Nonlinear analysis of speech from a synthesis perspective
View/ Open
Date
06/1996Author
Banbrook, Michael
Metadata
Abstract
With the emergence of nonlinear dynamical systems analysis over recent years it has
become clear that conventional time domain and frequency domain approaches to
speech synthesis may be far from optimal. Using state space reconstructions of the
time domain speech signal it is, at least in theory, possible to investigate a number of
invariant geometrical measures for the underlying system which give a more thorough
understanding of the dynamics of the system and therefore the form that any model
should take. This thesis introduces a number of nonlinear dynamical analysis tools
which are then applied to a database of vowels to extract the underlying invariant
geometrical properties. The results of this analysis are then applied, using ideas taken
from nonlinear dynamics, to the problem of speech synthesis and a novel synthesis
technique is described and demonstrated.
The tools used for the analysis are time delay embedding, singular value decomposition,
correlation dimension, local singular value analysis, Lyapunov spectra and short
term prediction properties. Although there have been many papers written about
these tools, and algorithms proposed, there are currently no generally accepted techniques,
especially for the calculation of Lyapunov spectra in the presence of noise
and data length limitations. This thesis introduces all of the above tools and looks in
detail at Lyapunov exponents and two major novel modifications are proposed that
are demonstrated to be more robust than conventional techniques.

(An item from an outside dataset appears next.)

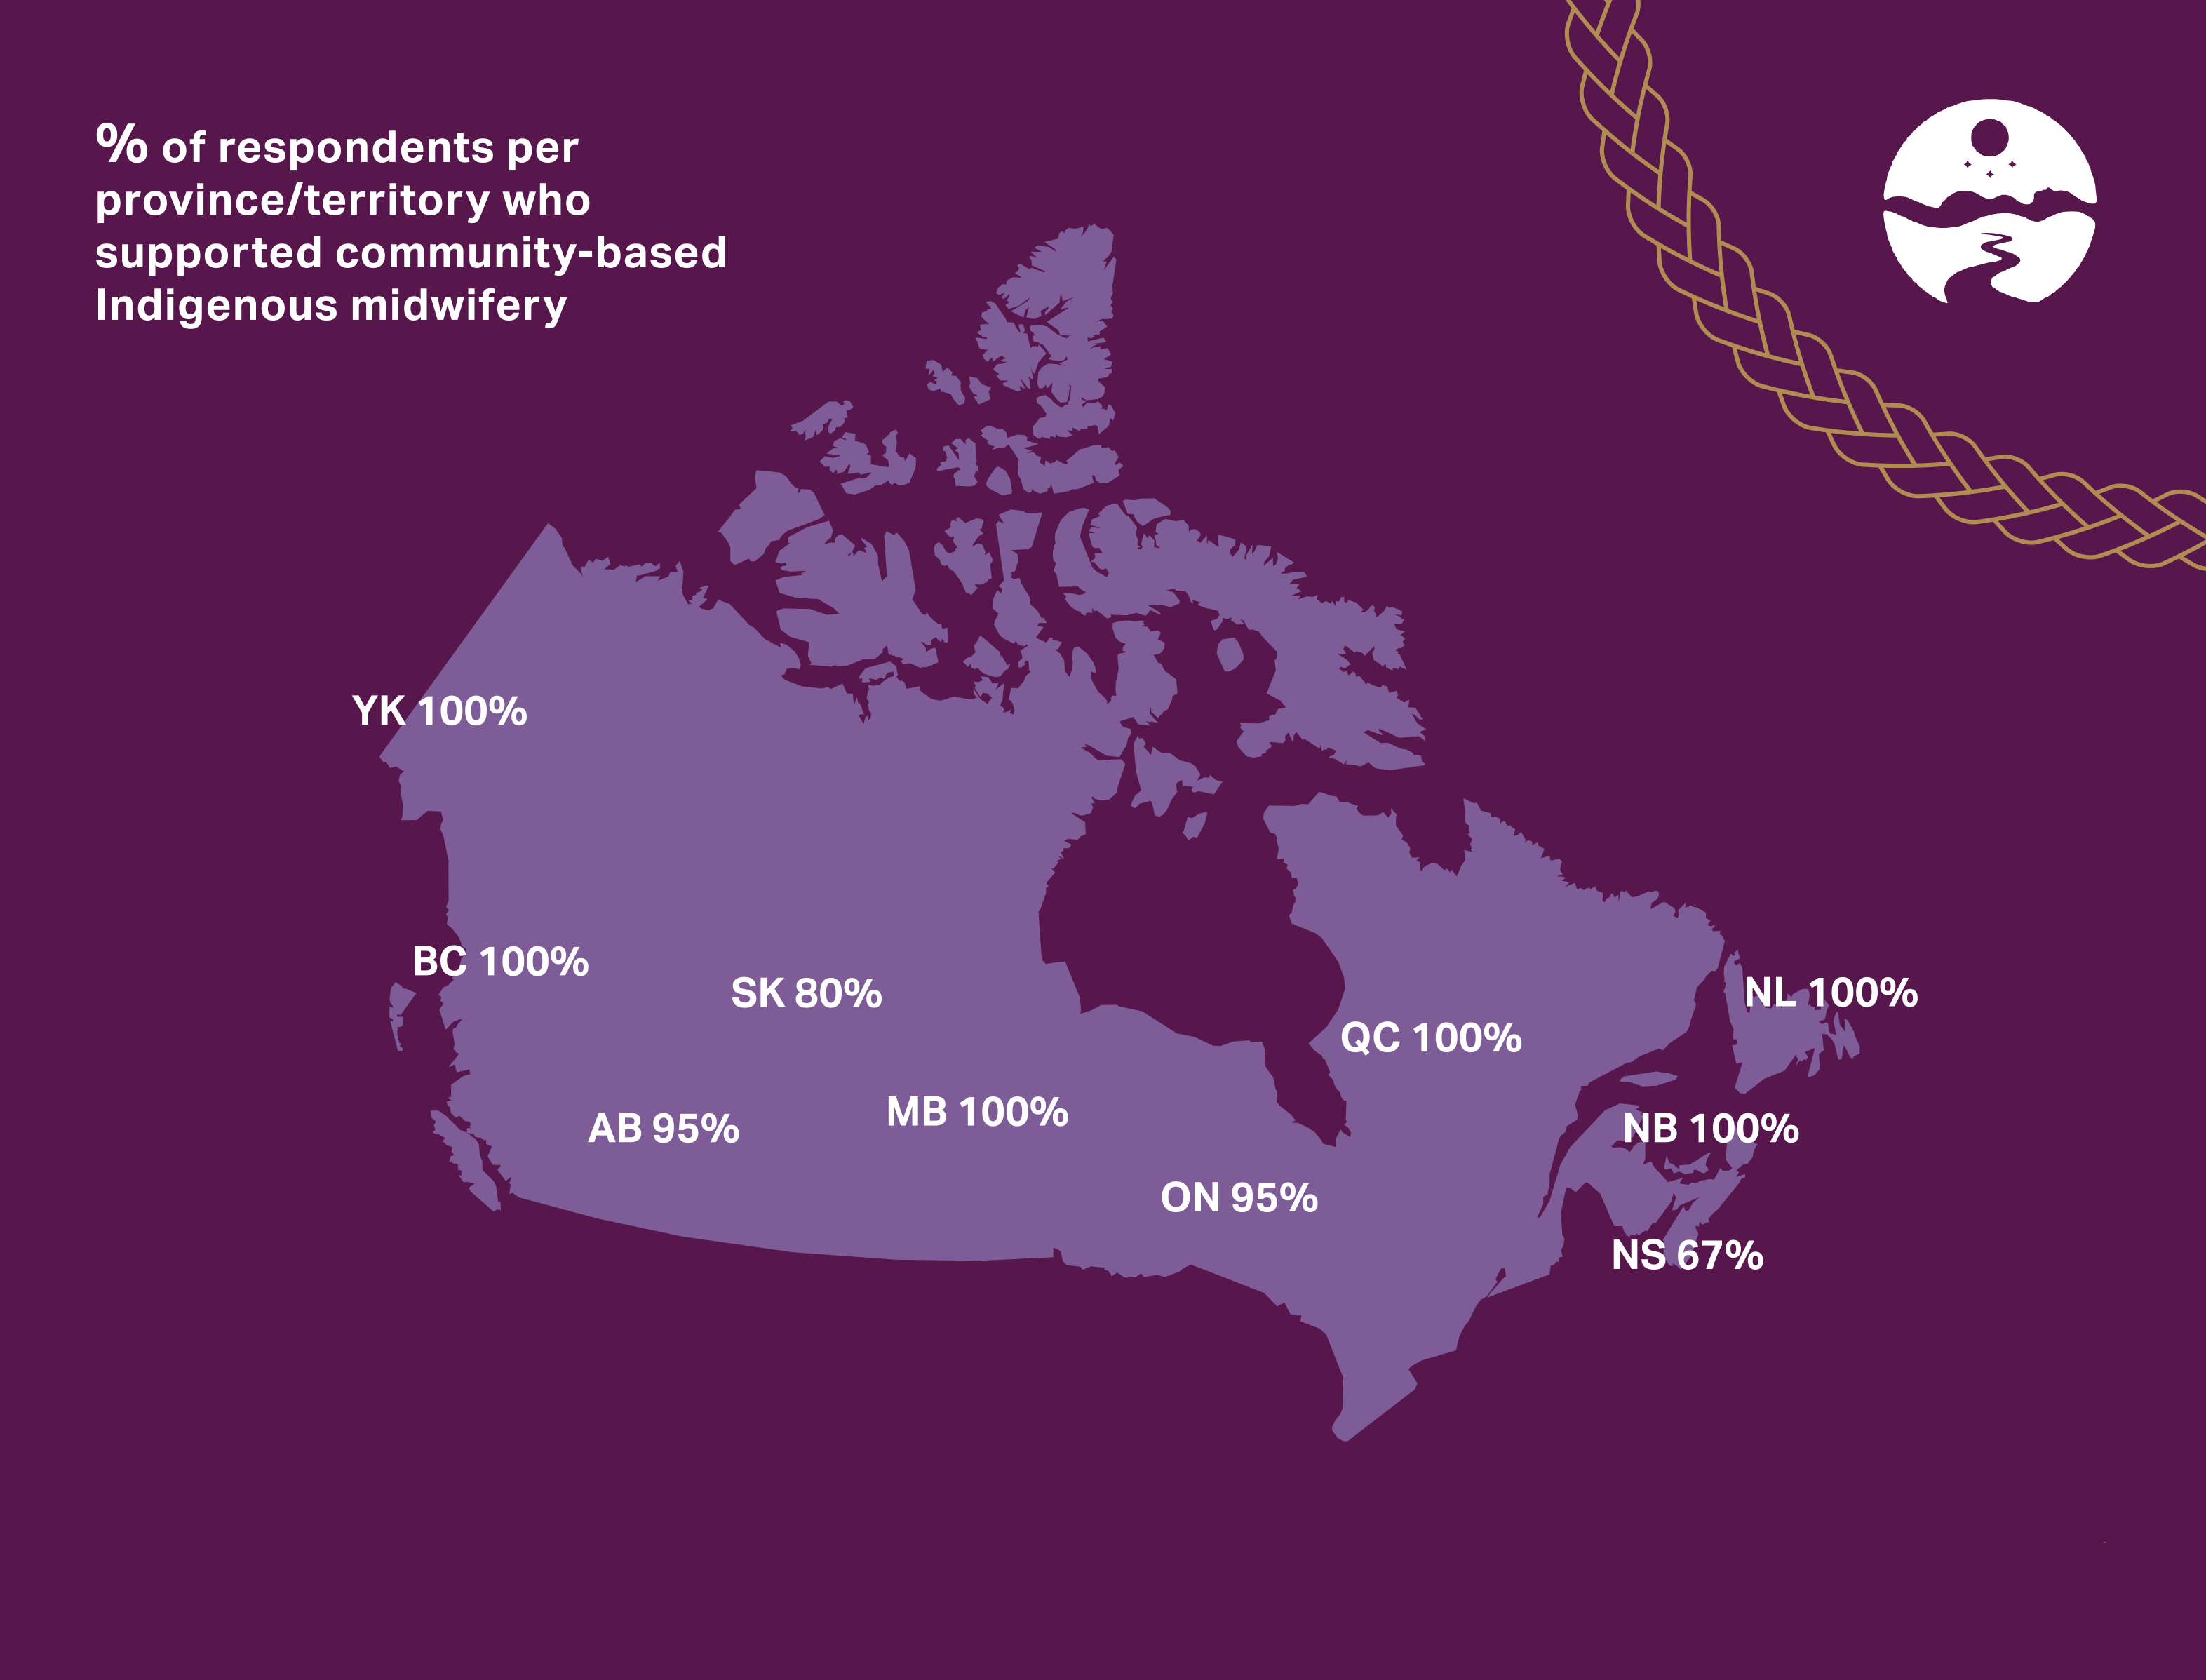 A map of Canada on a deep purple background. The title reads: % of respondents per province/territory who supported community-based Indigenous midwifery. Percentage labels per province: YK 100%, BC 100%, AB 95%, SK 80%, MB 100%, ON 95%, QC 100%, NS 67%, NB 100%, NL 100%

The novel robust techniques are applied to a large database of vowel sounds showing
that the vowels tested show evidence of nonlinear, low-dimensional, non-chaotic behaviour.
It is particularly the evidence of non-chaotic behaviour that is of importance
from a synthesis point of view and is used in the final section of the thesis which
introduces a novel synthesis technique. The synthesis technique, which is based on
ideas taken from nonlinear dynamics theory is detailed and demonstrated showing
that it is capable of high quality natural sounding speech.